Near the end of her life, a new team of defenders stepped up to try to defend Lisa. They investigated her mental health, finding that Lisa suffered from bipolar disorder with psychotic features, complex post-traumatic stress disorder, temporal lobe epilepsy, and cerebellar dysfunction, according Amy Harwell, a public defender who worked on Montgomery's case.
Lisa showed "symptoms of dissociation, including confused thinking, major gaps in memory, and an inability to recognize the reality of certain events," explained Dr. Katherine Poterfield, a Bellevue clinical psychiatrist who interviewed Lisa in prison. She added that Lisa's trauma was "massive," one of the most severe cases of dissociative disorder she had ever seen.

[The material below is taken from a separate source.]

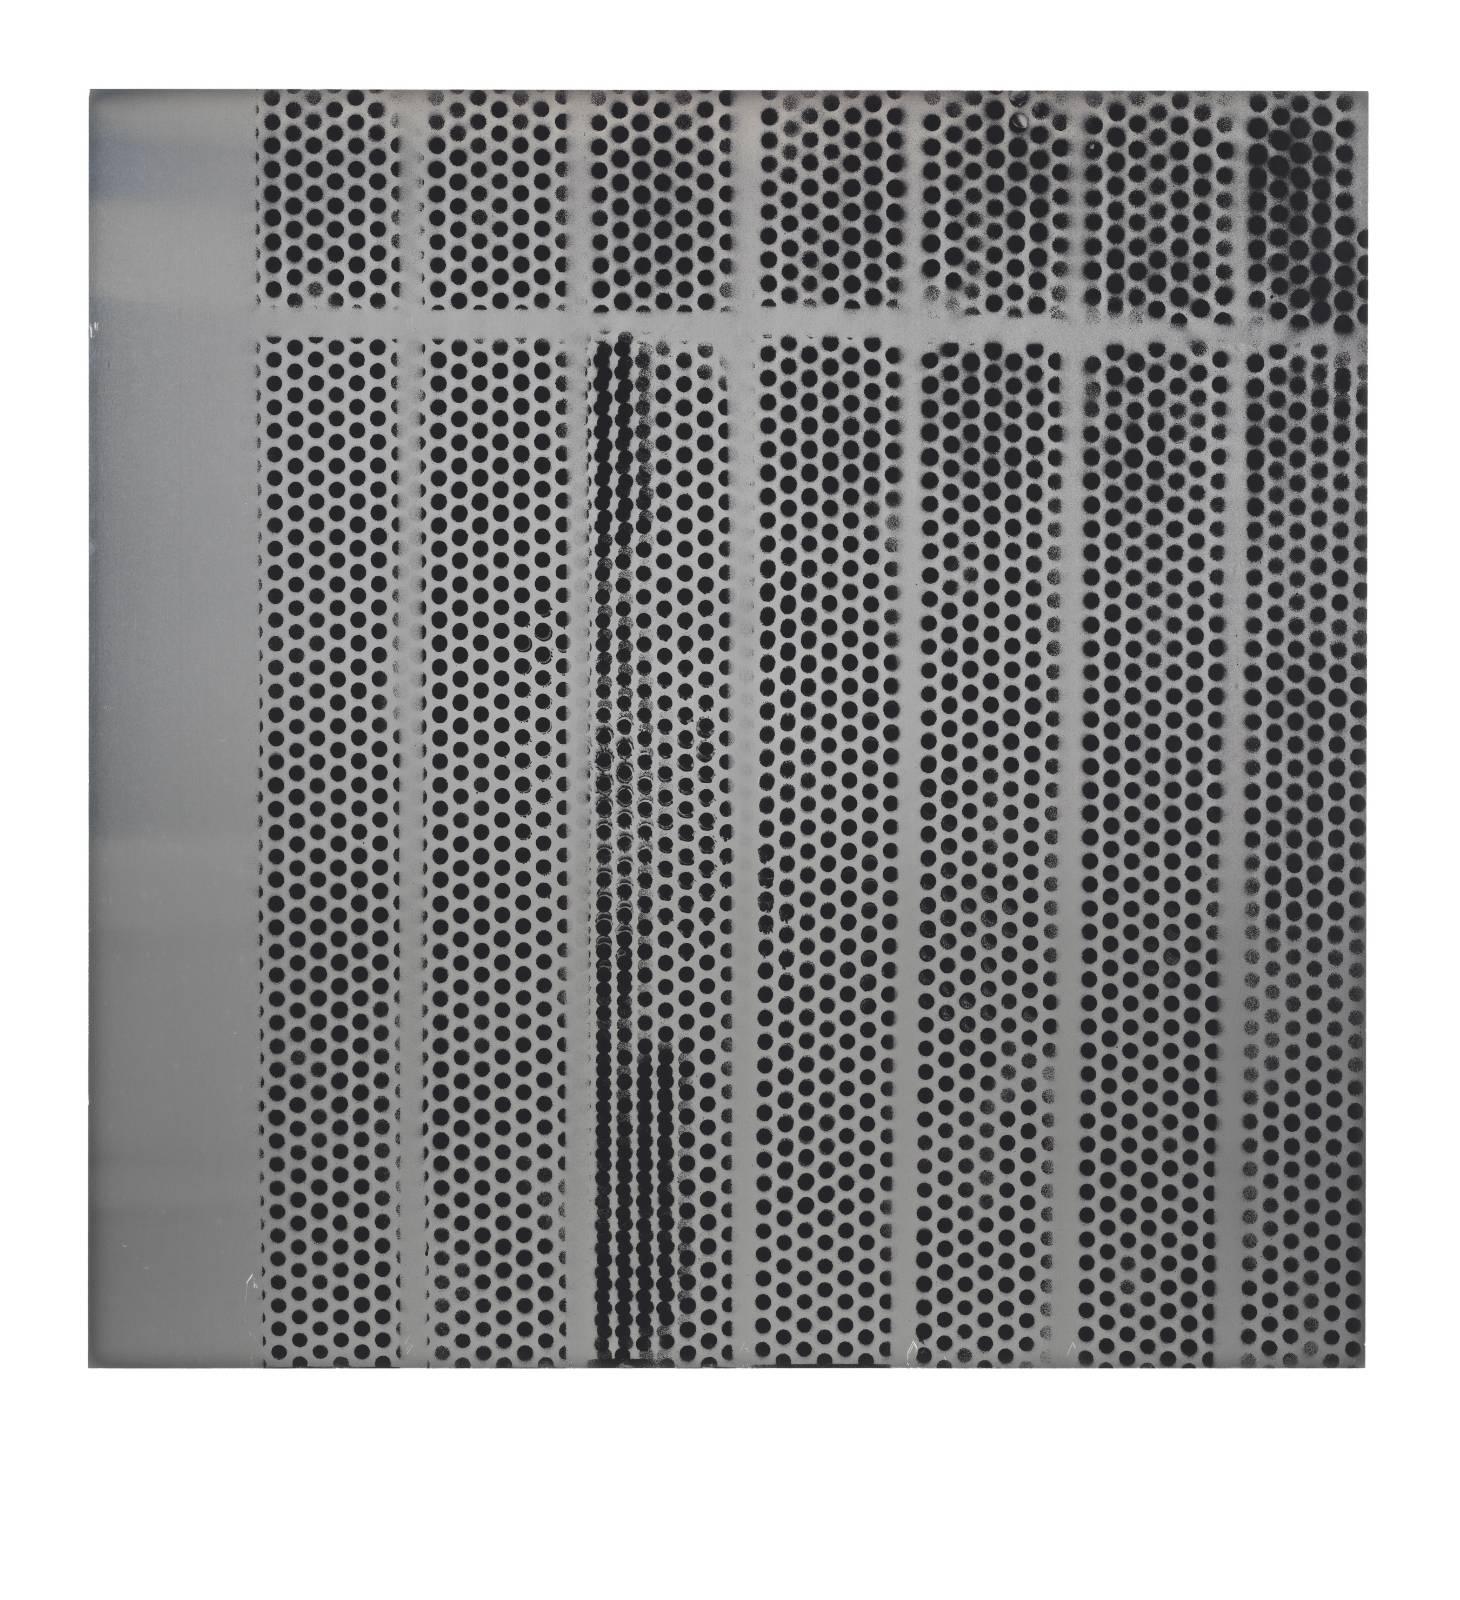 "STAIN : 55°36'20.8""N 13°00'17.1""E, 2016, spraypaint on aluminium, 81,3 x 81,3 cm"

"She would not be able to keep her train of thought, and describe strange ways of thinking to describe her reality," said Porterfield. "She lives in a state of disassociation, going in and out all the time. When I asked about her childhood, she would display an inability to connect to her emotions – with a blank facial expression, blank voice, talking about herself in the third person."
While in prison, Lisa also displayed other signs of debilitating mental dissociation, believing that God could speak with her through crossword puzzles and often expressing doubts about whether what she was seeing around her was real.
Montgomery's parents' family trees both feature psychiatric and neurological issues, including mood disorders, intellectual disability, PTSD and schizophrenia. Porterfield compared the abuse Lisa suffered to "pouring lighter fluid onto a spark."
"I have never seen a case like this. I don't know of any execution in the US or elsewhere that has been carried out on someone who has been subjected to such unrelenting sexual torture and violence," said defender Sandra Babcock.
"Talking to Lisa was like talking to Vietnam and Korean war veterans who had been held in holes and bamboo cages under the most horrible conditions," said social worker Janet Vogelsang.
Lisa's own sister and family also came to her defense, begging that Lisa be kept alive and in prison for the sake of her 14 grandchildren.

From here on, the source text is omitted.